* [Dataset extract]
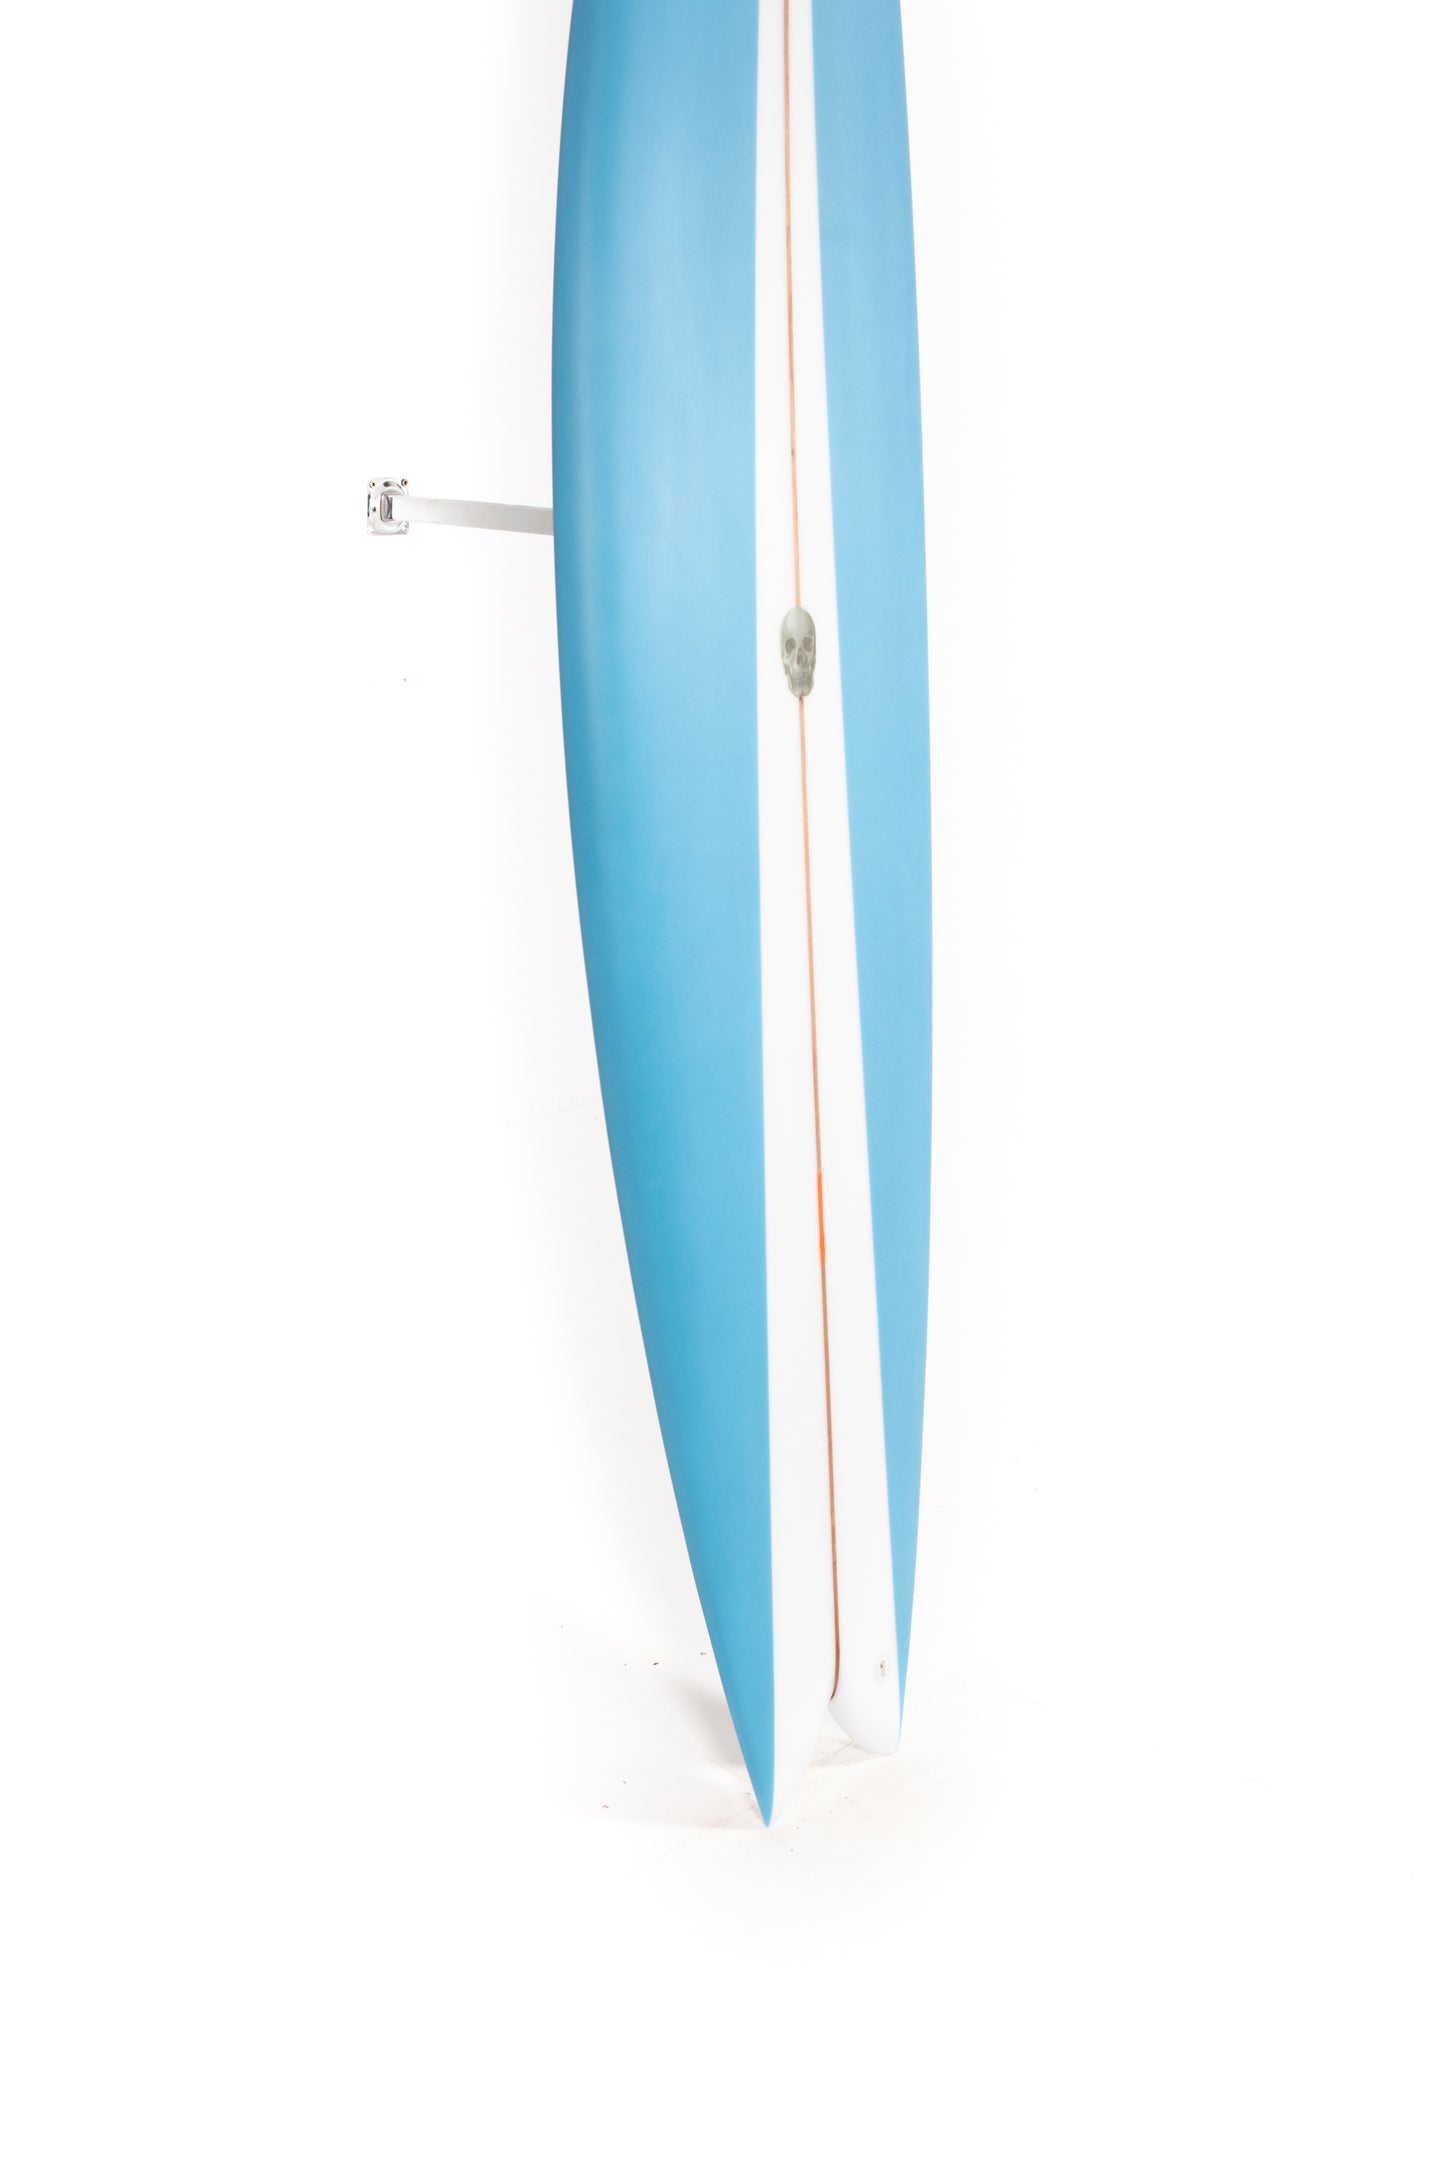 
                  
                    Pukas Surf Shop - Christenson Surfboards - NAUTILUS - 7'6" x 21 5/8 x 2 3/4 - CX05016
                  
                
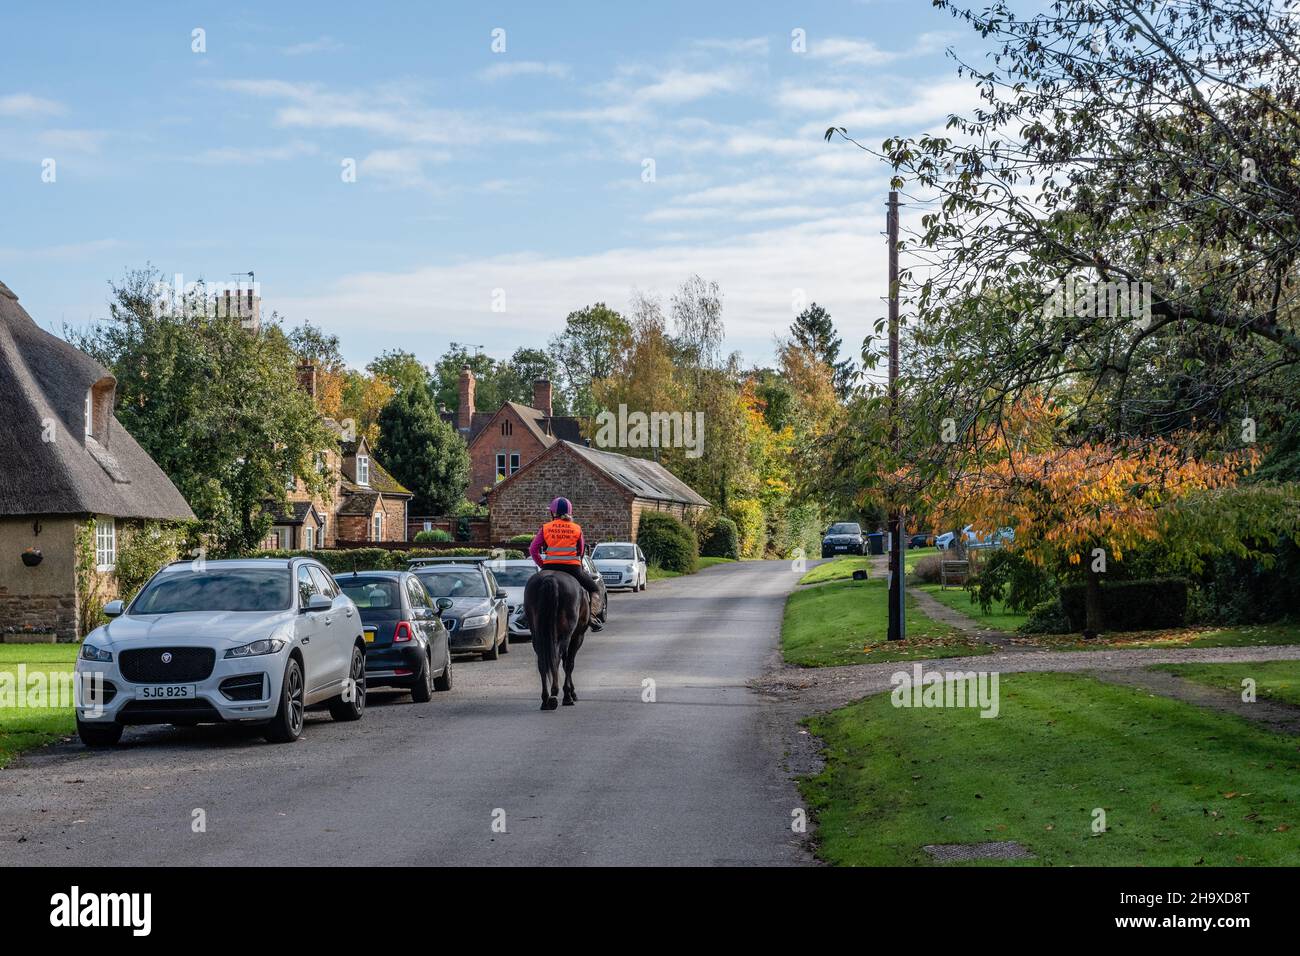 Scena stradale, con case di paglia, nel grazioso villaggio di Ashby St Ledgers, Northamptonshire, Regno Unito; cavaliere nel centro della strada Foto Stock
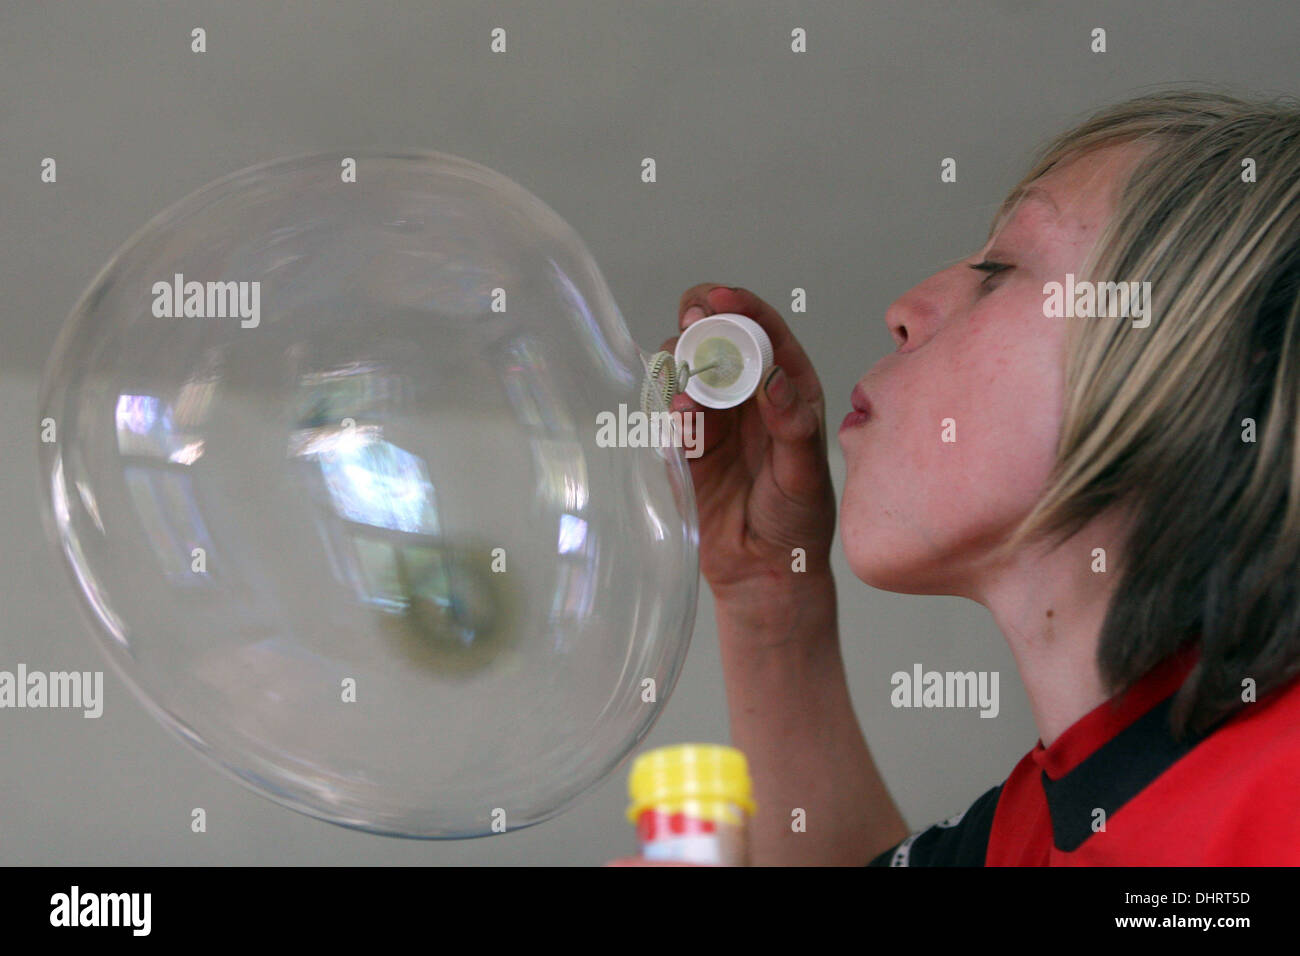 Jeune garçon soufflant de bulles, souffleur de bulles Banque D'Images
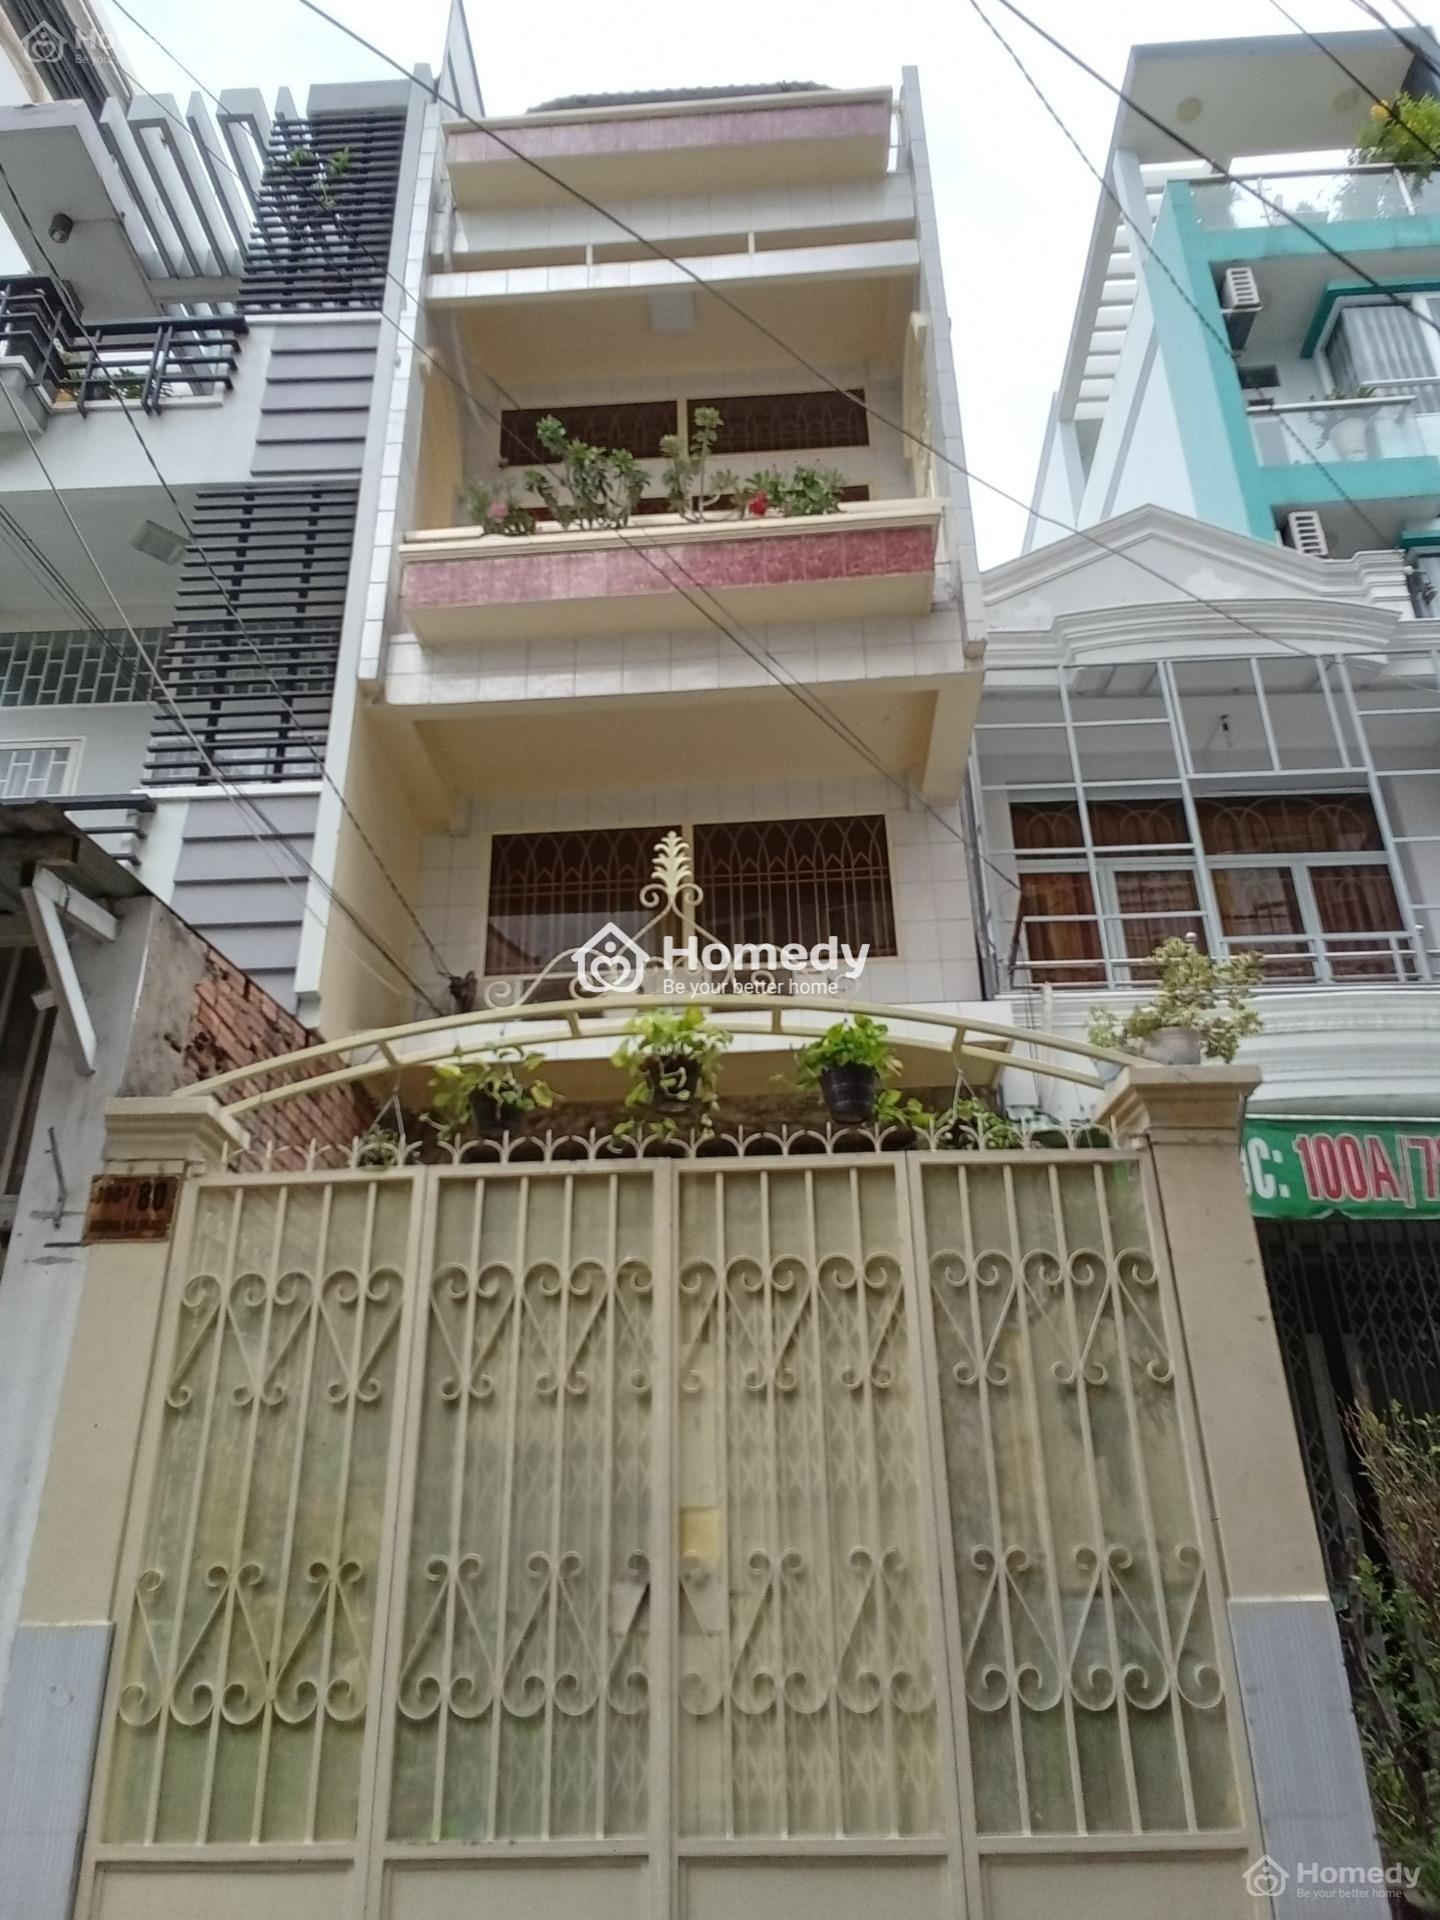 Hot, bán nhà Hồ Chí Minh quận 8 giá siêu rẻ, sổ hồng riêng, chính chủ cần bán nhà gấp đi nước ngoài - Ảnh 1

* [Prompt] Return the listing above unchanged, apart from dropping its pictures.

* [Exercise solution]
                    Pukas Surf Shop - Christenson Surfboards - NAUTILUS - 7'6" x 21 5/8 x 2 3/4 - CX05016
                  
                
 Scena stradale, con case di paglia, nel grazioso villaggio di Ashby St Ledgers, Northamptonshire, Regno Unito; cavaliere nel centro della strada Foto Stock
 Jeune garçon soufflant de bulles, souffleur de bulles Banque D'Images
 Hot, bán nhà Hồ Chí Minh quận 8 giá siêu rẻ, sổ hồng riêng, chính chủ cần bán nhà gấp đi nước ngoài - Ảnh 1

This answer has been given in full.